The problem - Pictures aside, write out the data exactly as it reads.

Given data -
┏━━
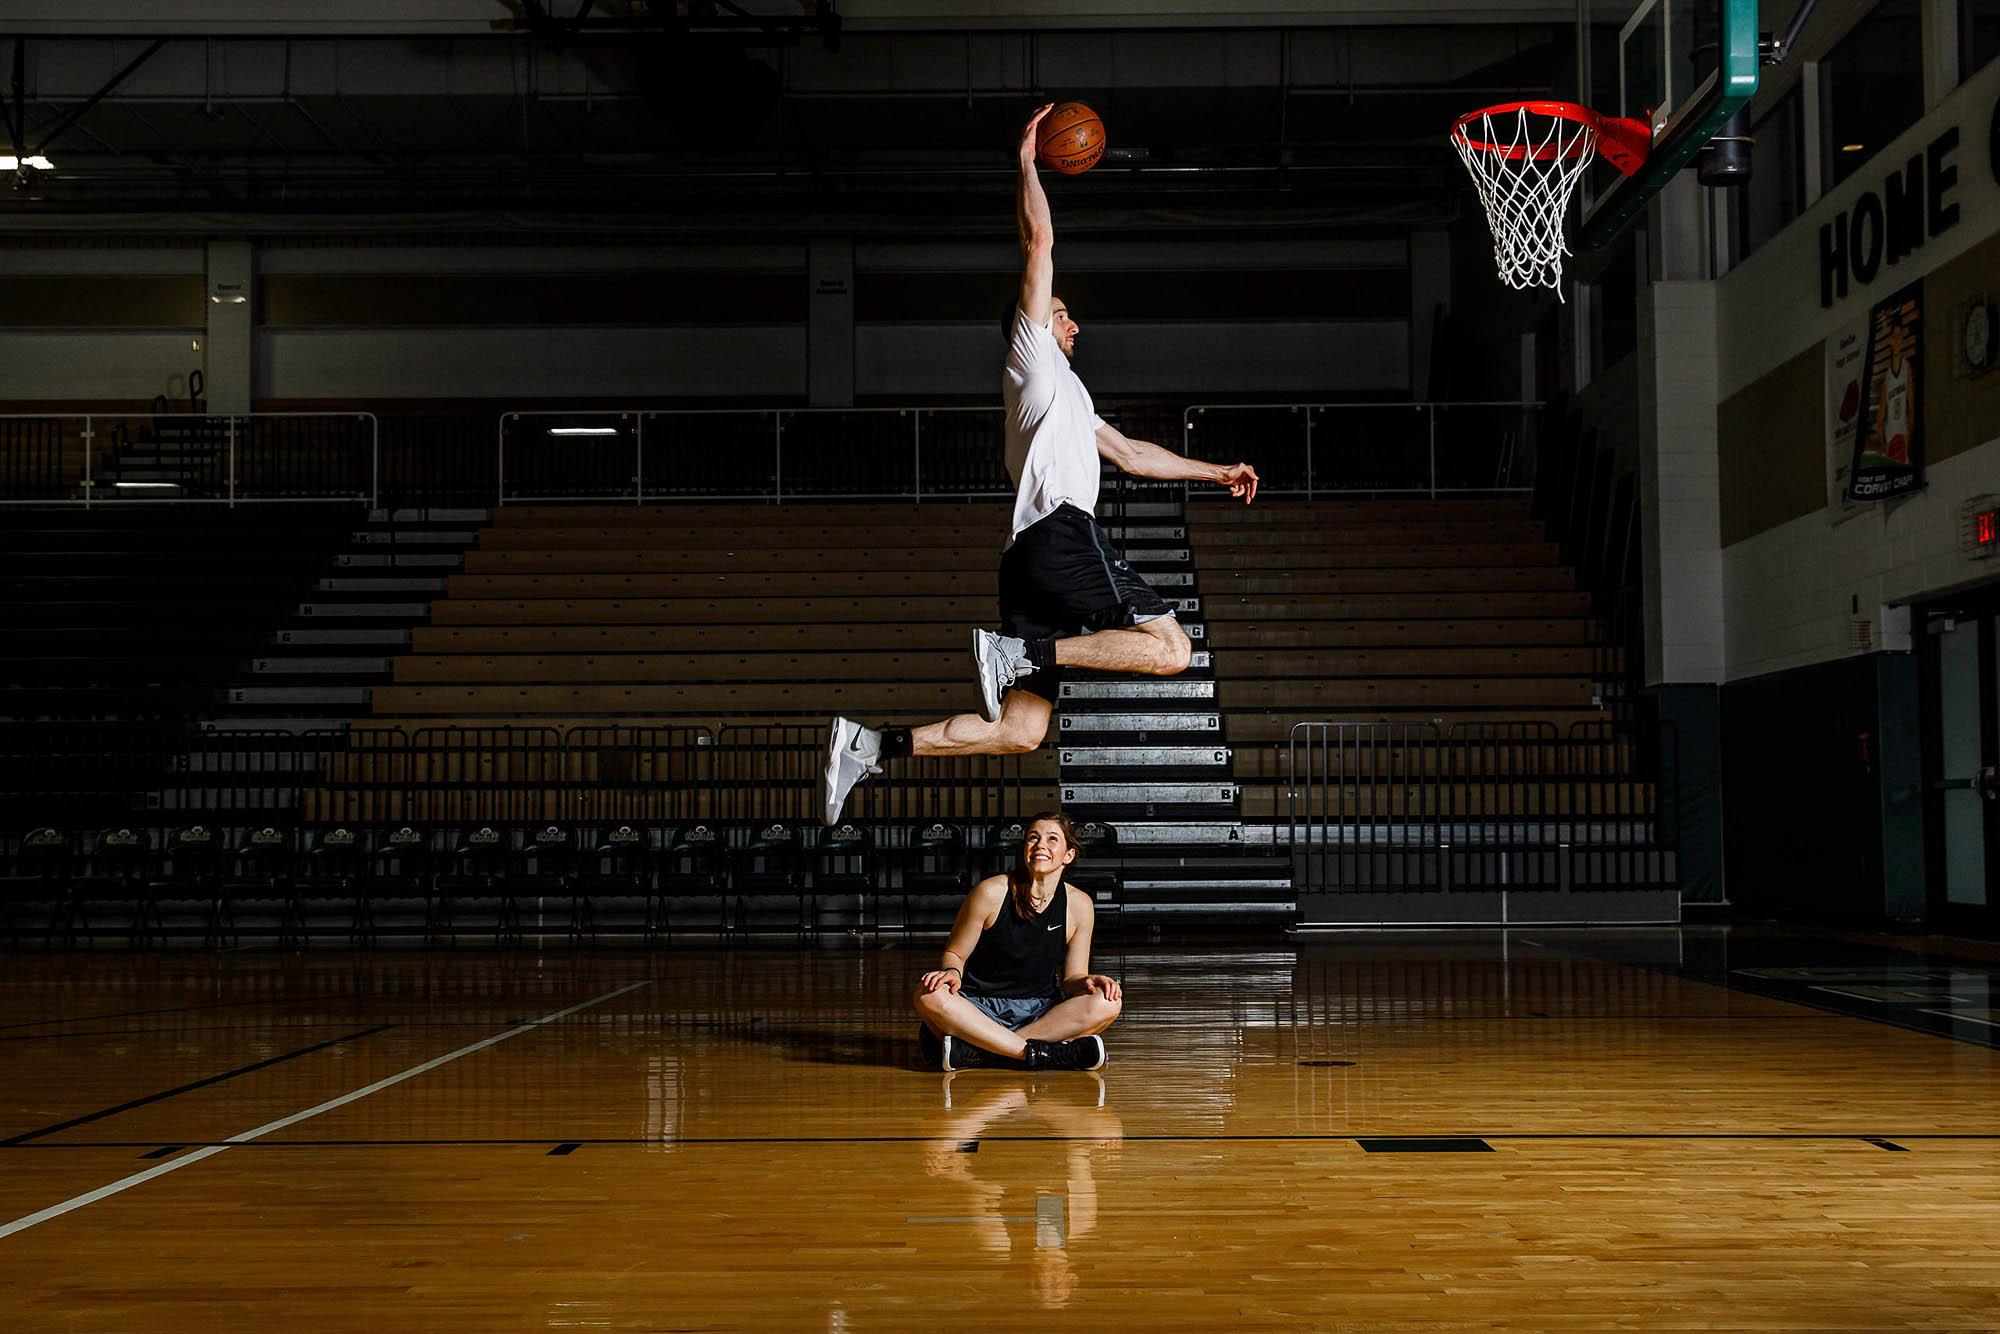 NBA player Kosta Kofus jumps over his fiancée Eline to dunk a basketball.
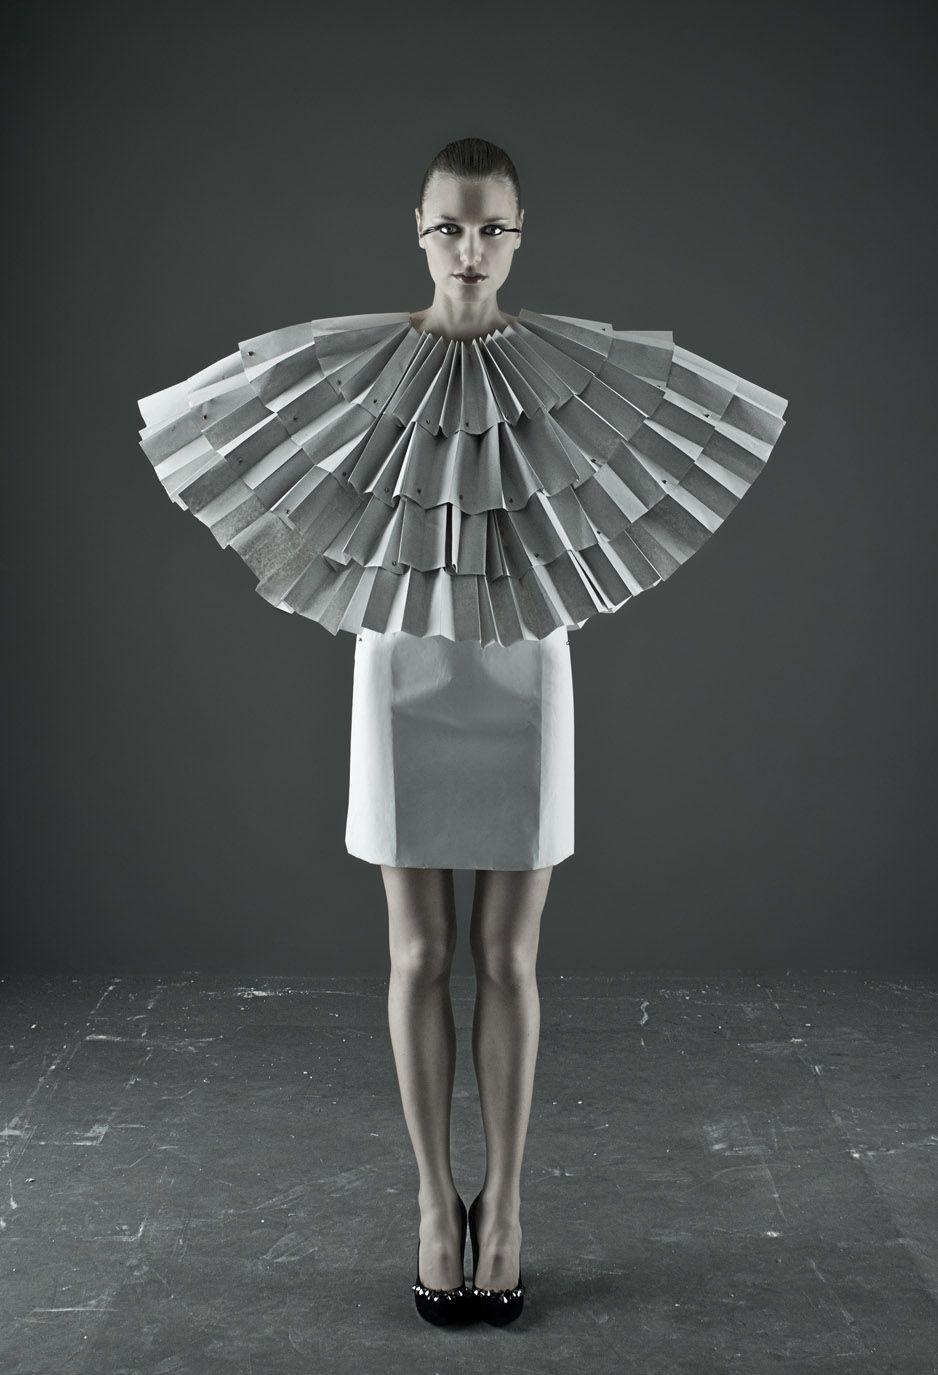 Fashion photography essay
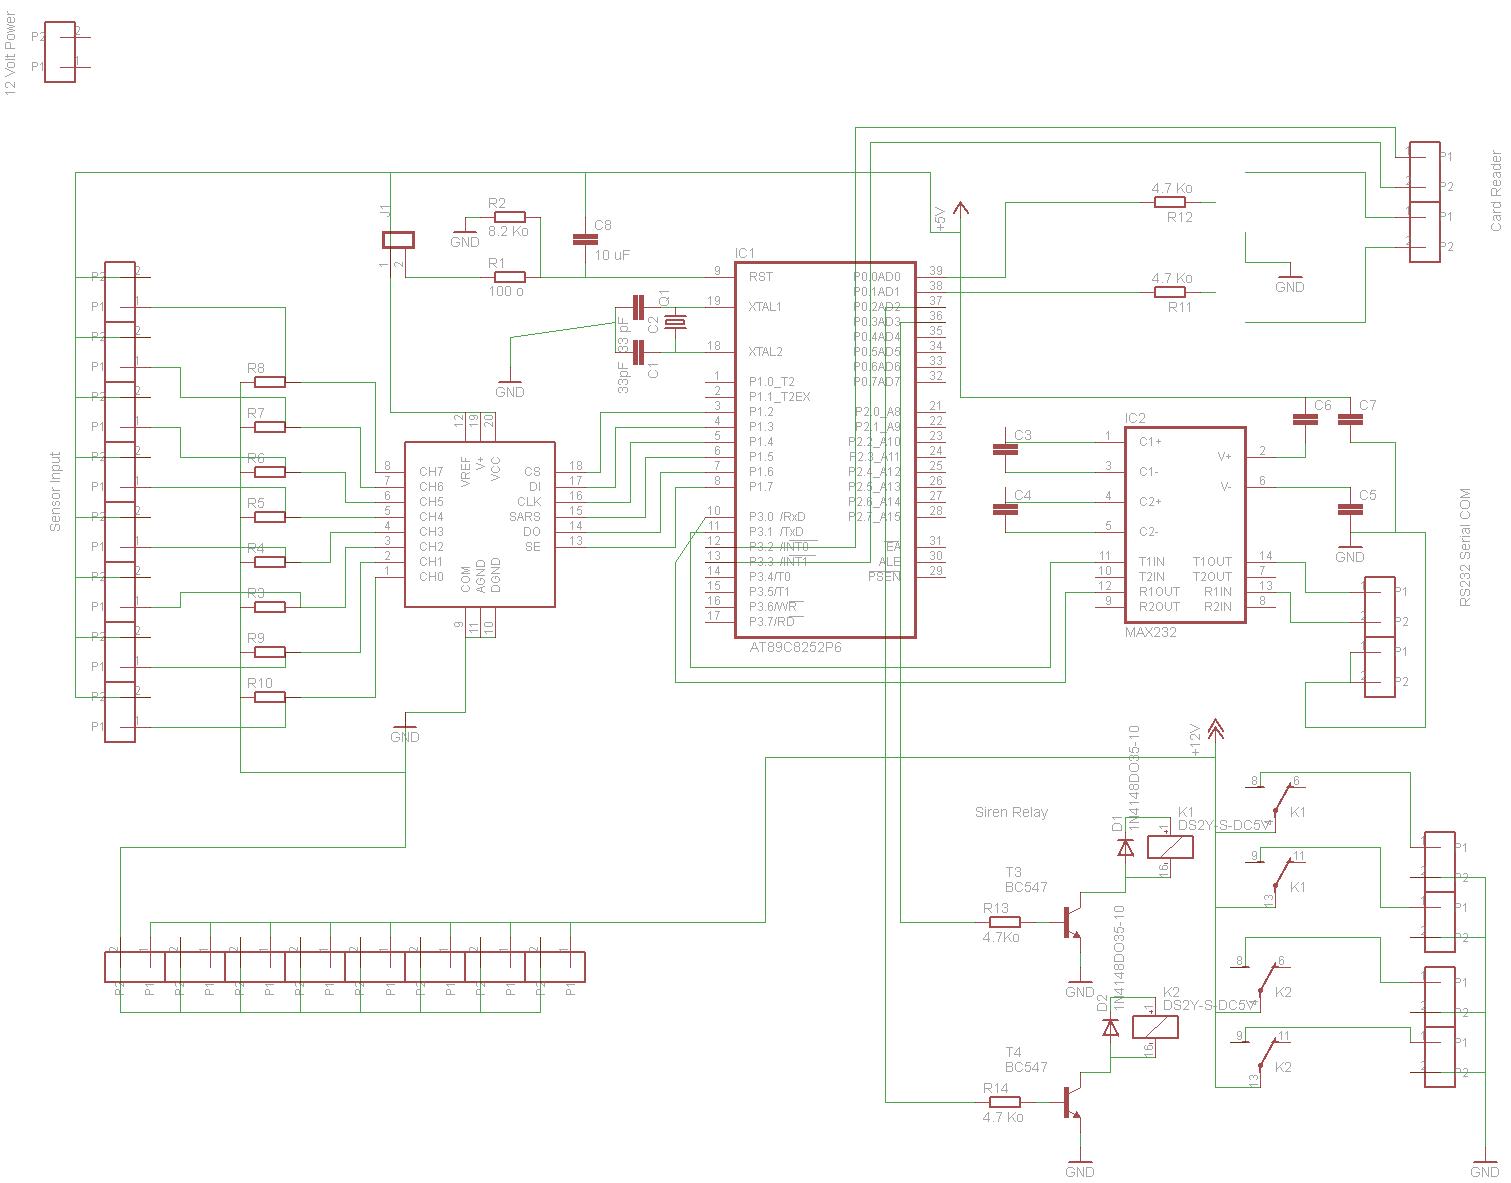 Denso Cdi Box Wiring Diagram - Wiring Diagram G11 on
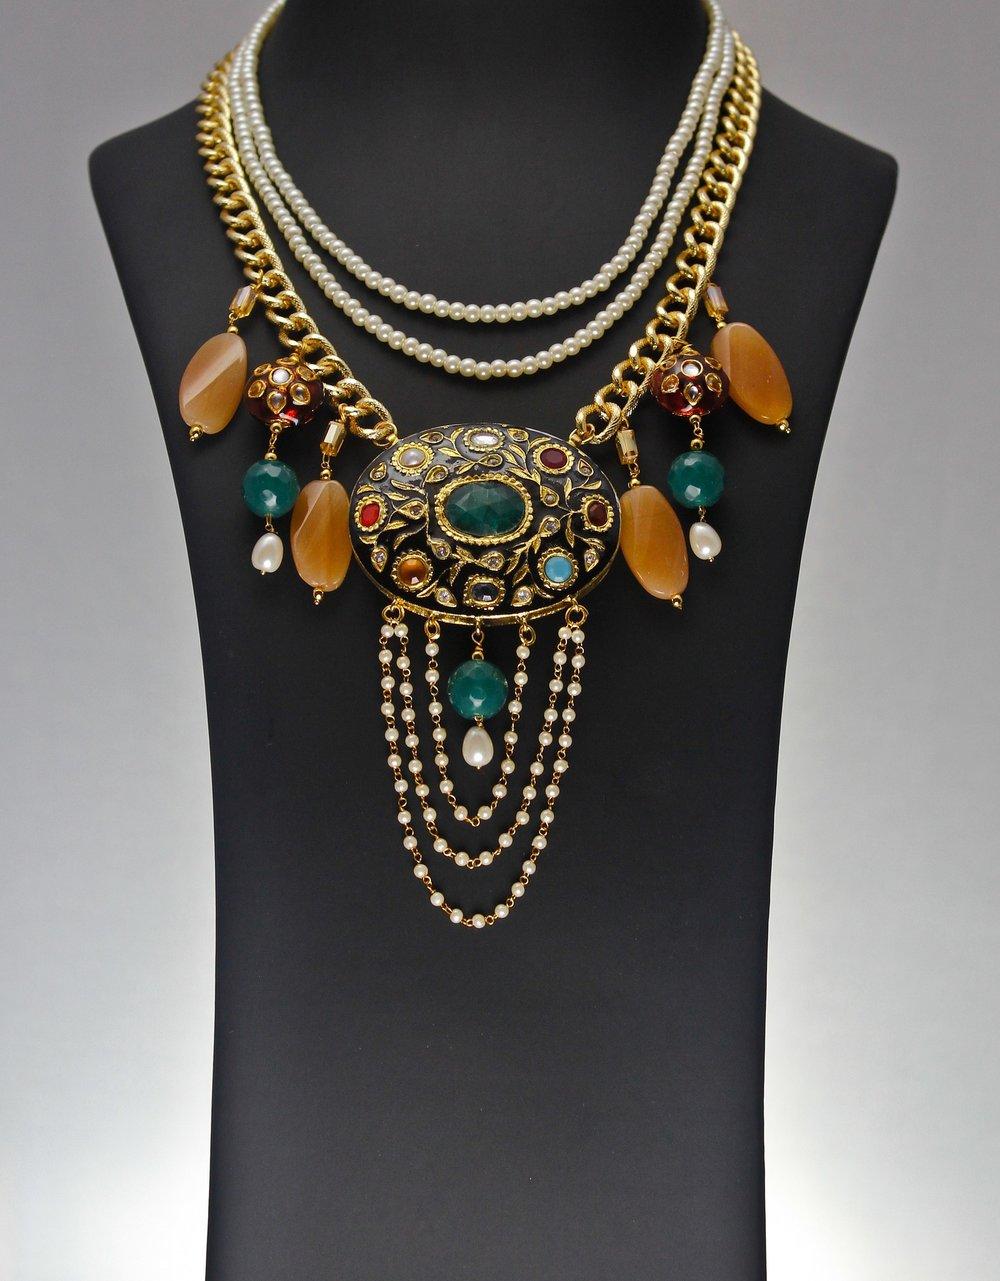 stone-jewelry-1198248_1920.jpg
┗━━
Result of this task -
 NBA player Kosta Kofus jumps over his fiancée Eline to dunk a basketball.
 Fashion photography essay
 Denso Cdi Box Wiring Diagram - Wiring Diagram G11 on
 stone-jewelry-1198248_1920.jpg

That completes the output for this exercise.